Under the command of Seán O'Hegarty, O'Donovan and others organised the Coolavokig Ambush near Macroom in February 1921. He was also involved in the seizure of a large cache of guns and ammunition from the British Royal Navy tender, Upnor, off the coast of County Cork, after first commandeering a smaller vessel at Queenstown. According to historians Tom Mahon and James Gillogly, "The IRA operatives seized so much arms and ammunition that they're reported to have needed 200 lorries to cart it all away."

==Civil War==
After the signing of the Anglo-Irish Treaty of 1921, O'Donovan took the anti-treaty side in the Irish Civil War. He was involved in an attack on Royal Navy personnel at the Treaty Port at Spike Island, County Cork, this time using IRA men dressed in Irish Army uniforms in an attempt to start a war between the Irish Free State and the British Empire. Both Governments, however, realized almost immediately who had really carried out the attack. As a result, a reward of £10,000 was offered for information leading to the capture of O'Donovan and five other named republicans.

On 22 August 1922, O'Donovan chaired a meeting of surviving IRA officers in Long's Bar (The Diamond), Béal na Bláth, County Cork. Present were senior national figures including Liam Deasy, Tom Barry and Éamon de Valera. Later the same day General Michael Collins, Commander-in-Chief of the Irish Army and Chairman of the Provisional Government of the Irish Free State was killed by a sniper in an ambush a half mile away.

==Post-war years==
During the aftermath of the Civil War, in return for badly needed funding, the IRA's intelligence arm covertly acquired classified information in both Great Britain and the United States of America, which was then sold to the Soviet Union. The IRA's main spymaster in America during this era was based in New York City and is referred to only as "Mr. Jones" in recently decrypted IRA messages from the era. After careful research, historians Tom Mahon and James J. Gillogly have identified "Mr. Jones" as O'Donovan. According to both historians, while living in America, O'Donovan covertly acquired and sold to the Soviet Union's military intelligence service, the GRU, "reports of the army’s chemical weapons service, state-of-the-art gas masks, machine-gun and aeroplane engine specifications, and reports from the navy, air service and army".

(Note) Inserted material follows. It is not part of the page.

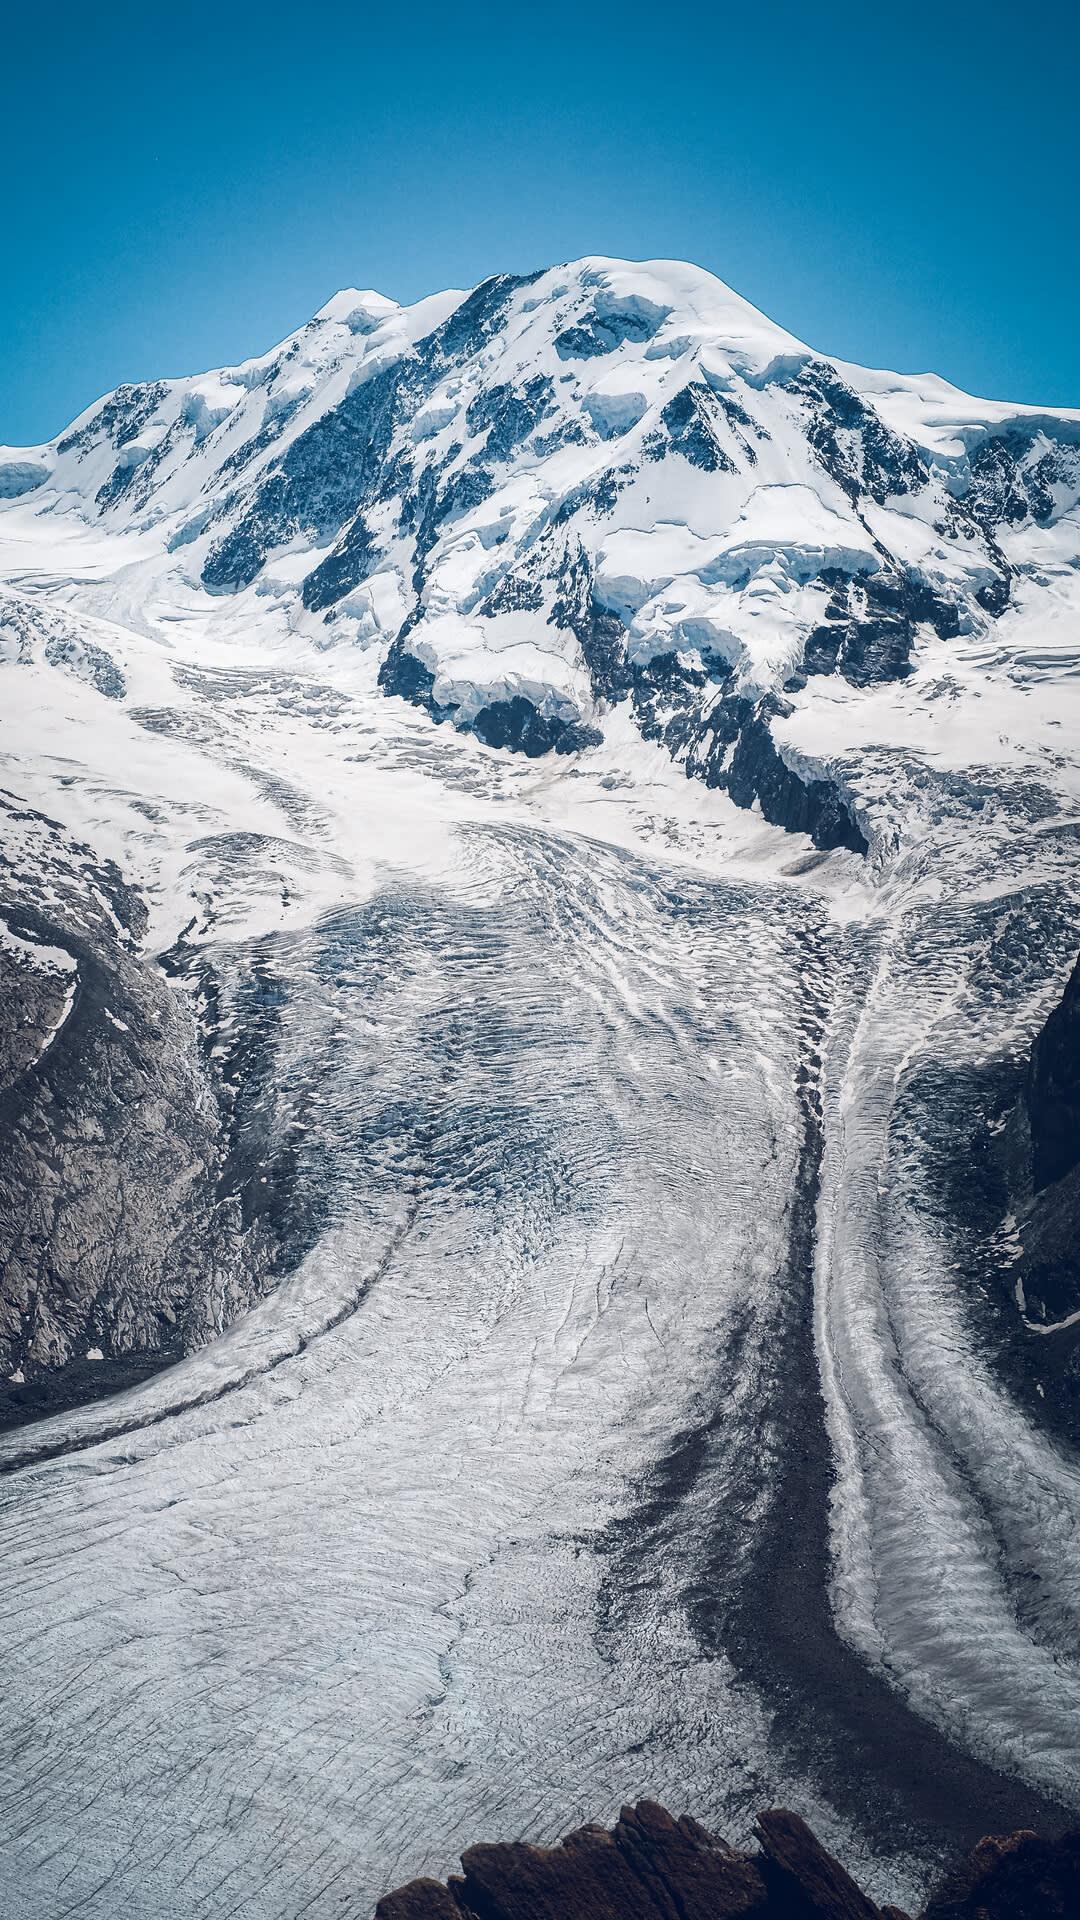 View from Gornergrat to the Gorner glacier and Lyskamm peak

Also according to Mahon and Gillogly, "Mr. Jones" was also involved in efforts to acquire the ability to build chemical weapons for both the GRU and for the IRA, which hoped to use mustard gas against the military and police forces of the Irish Free State. The Soviet Union was more successful than the IRA in using O'Donovan's information to manufacture chemical weapons and Red Army Marshal of the Soviet Union Mikhail Tukhachevsky was a pioneer in the use of poison gas against peasant uprisings. Despite this, historians Tom Mahon and James J. Gillogly have praised O'Donovan as, "A true Irish James Bond!"

In later years O'Donovan worked with the Irish Sugar Company in North Cork where he managed Ballybeg Quarry, near Buttevant, which the company owned.

Dan "Sandow" O'Donovan died in 1975 and was interred in a family plot at St. Finbarr's Cemetery, Cork City.

O'Donovan is often erroneously referred in history books of the period as "Donovan".